Chapter 326: Deep Ensembles Trading

Overview

Deep Ensembles is a simple yet powerful approach for uncertainty quantification in deep learning. By training multiple neural networks with different random initializations, Deep Ensembles capture model uncertainty (epistemic uncertainty) and provide robust predictions that are crucial for risk-aware trading decisions.

Why Deep Ensembles for Trading?

The Problem with Single Models

A single neural network provides point predictions without any measure of confidence:

Single Model: Price → Neural Network → Prediction: +2.5%
                                       (But how confident is this?)
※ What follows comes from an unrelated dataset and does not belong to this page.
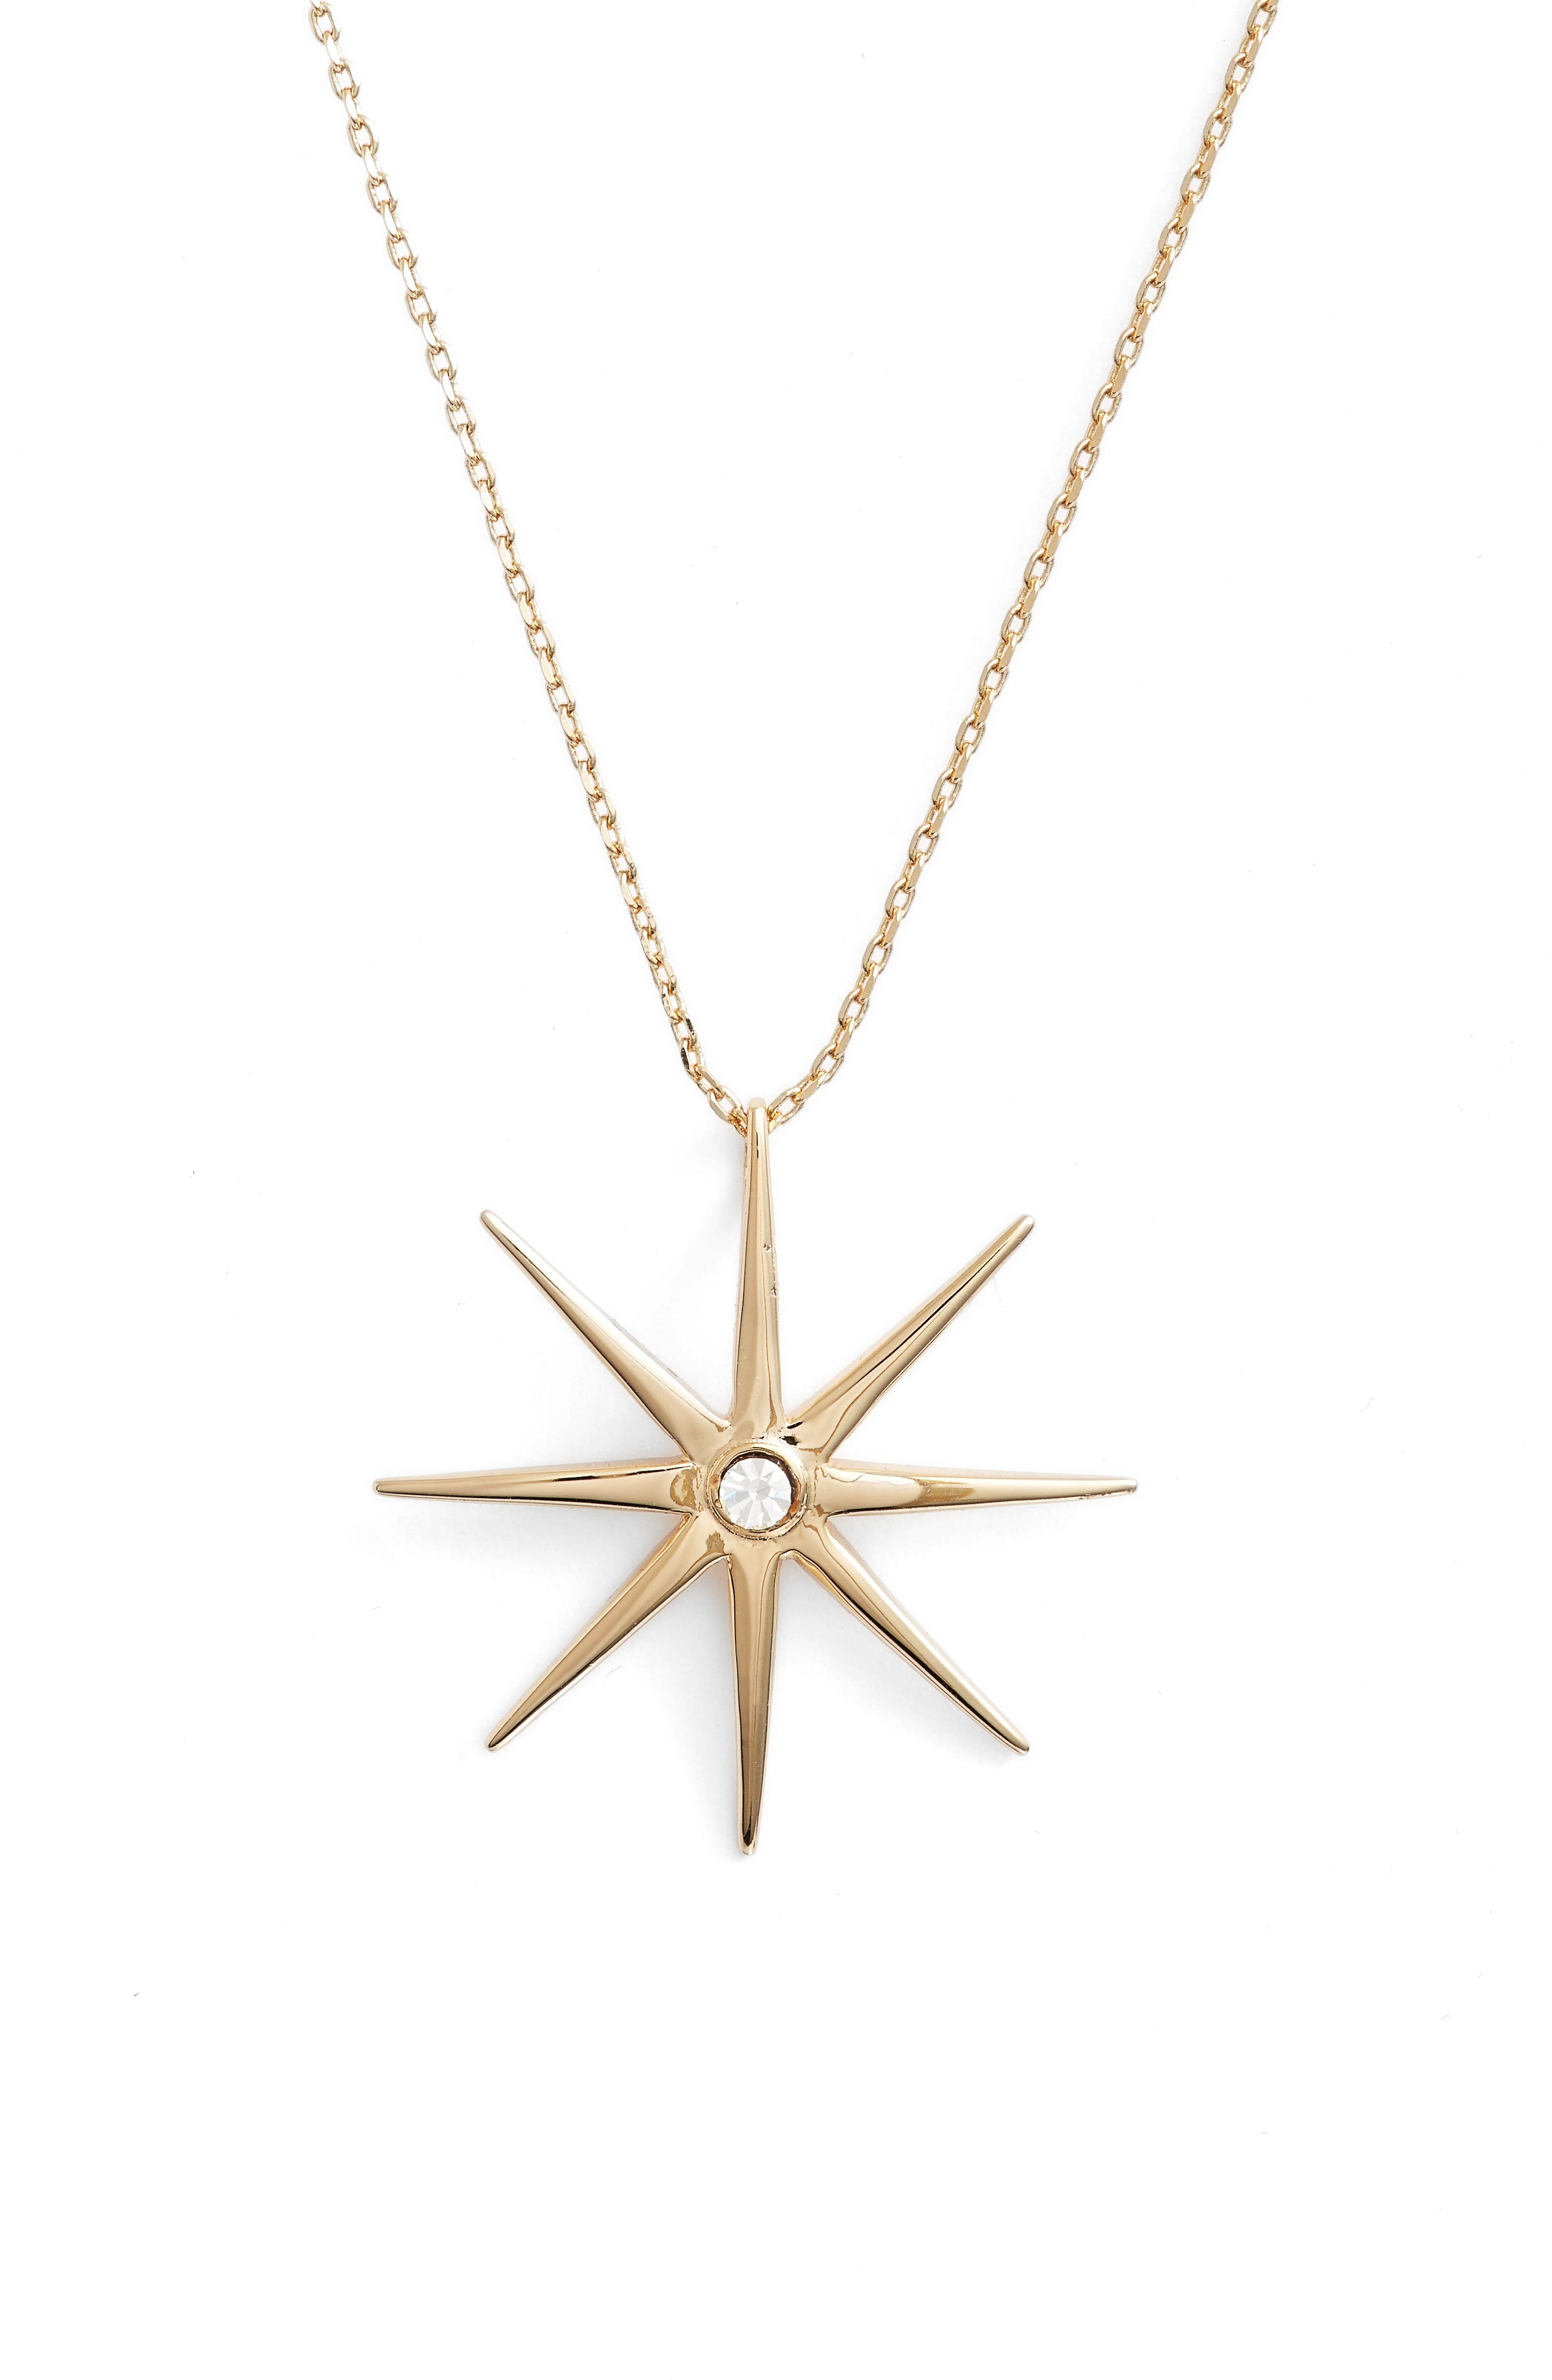 Jules Smith Supernova Necklace

In trading, this is dangerous because:

Overconfident predictions lead to oversized positions
No risk assessment during market regime changes
Model failures are silent and catastrophic

Deep Ensembles Solution

Deep Ensembles train M independent networks and aggregate their predictions:

Deep Ensemble: Price → [NN₁, NN₂, NN₃, ..., NNₘ] → Mean: +2.5%, Std: 0.8%
                                                    (Now we know uncertainty!)
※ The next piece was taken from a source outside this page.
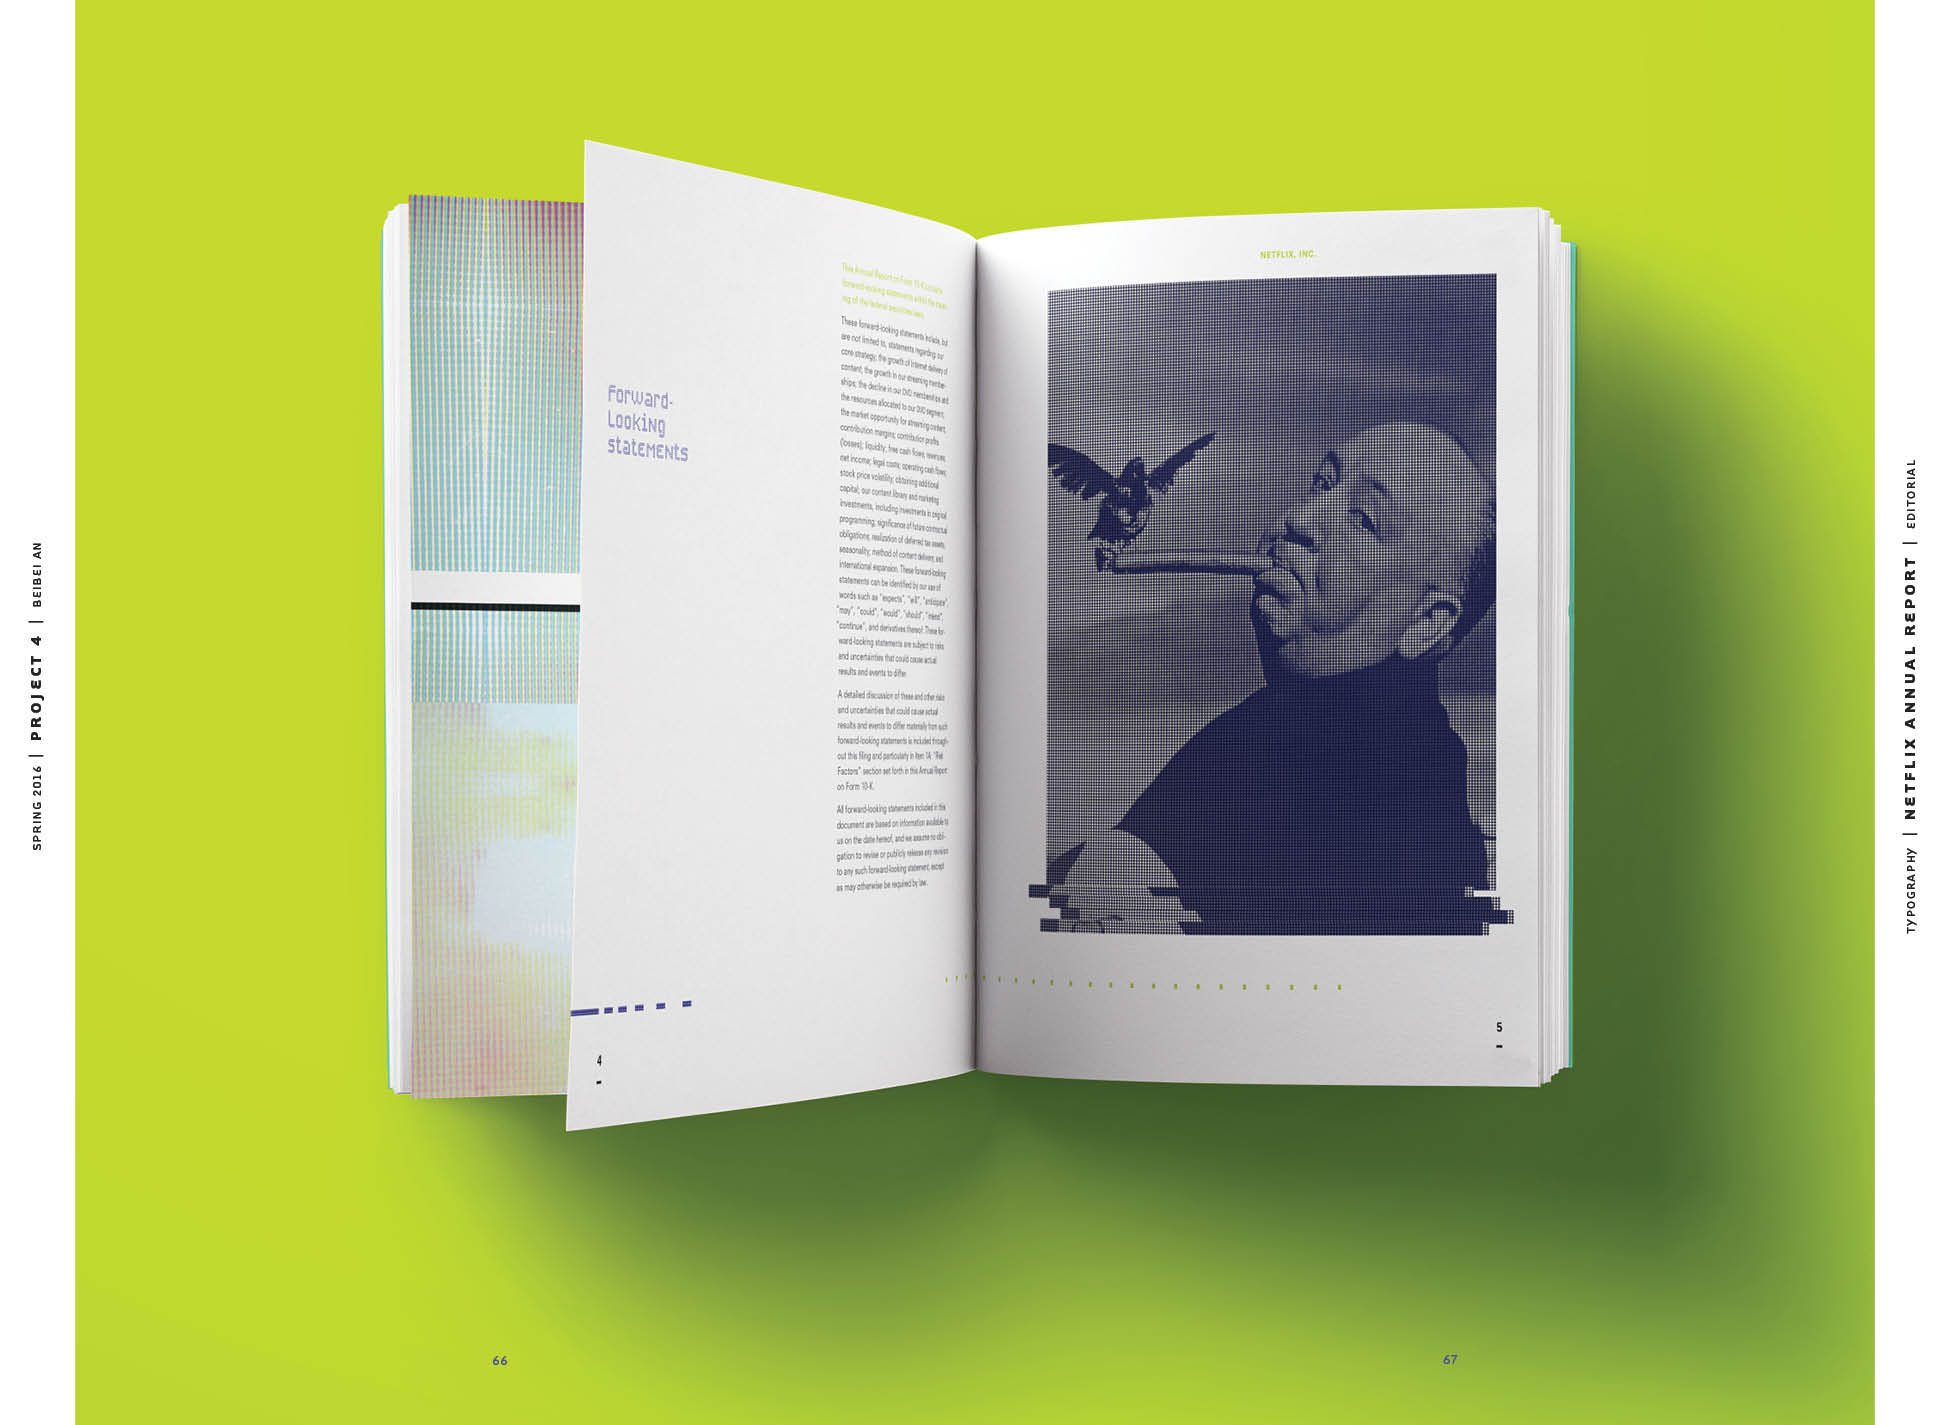 Beibei An_Portfolio cover40.jpg

Key insight: Disagreement between ensemble members indicates uncertainty.

Core Concepts

1. Ensemble Diversity Through Random Initialization

Neural networks are non-convex. Different random initializations find different local minima:

Loss Landscape:
    ↓ Init 1         ↓ Init 2         ↓ Init 3
     \               |                 /
      \              |                /
       ↘            ↓              ↙
        Minimum A   Minimum B    Minimum C

Each minimum gives a different (but valid) model!

Why this works:

Neural networks with different initializations converge to different solutions
These solutions make different errors on different inputs
Averaging reduces individual errors (variance reduction)
Disagreement reveals areas where models are uncertain

2. Uncertainty Decomposition

Deep Ensembles naturally decompose uncertainty into two types:

Total Uncertainty = Epistemic Uncertainty + Aleatoric Uncertainty

┌─────────────────────────────────────────────────────────────────┐
│                                                                  │
│  EPISTEMIC (Model Uncertainty)        ALEATORIC (Data Noise)    │
│  ────────────────────────────        ─────────────────────────  │
│  • Reducible with more data          • Irreducible noise        │
│  • High when models disagree         • Inherent randomness      │
│  • Indicates "I don't know"          • Indicates "Market chaos" │
│                                                                  │
│  Captured by: Variance of means      Captured by: Mean variance │
│                                                                  │
└─────────────────────────────────────────────────────────────────┘

Mathematical formulation:

For an ensemble of M models predicting Gaussian distributions:

Each model m outputs: μₘ(x), σₘ²(x)

Total Variance = (1/M) Σ σₘ²(x)  +  (1/M) Σ (μₘ(x) - μ̄(x))²
                 └─────────────┘     └────────────────────────┘
                  Aleatoric            Epistemic
                  (mean variance)      (variance of means)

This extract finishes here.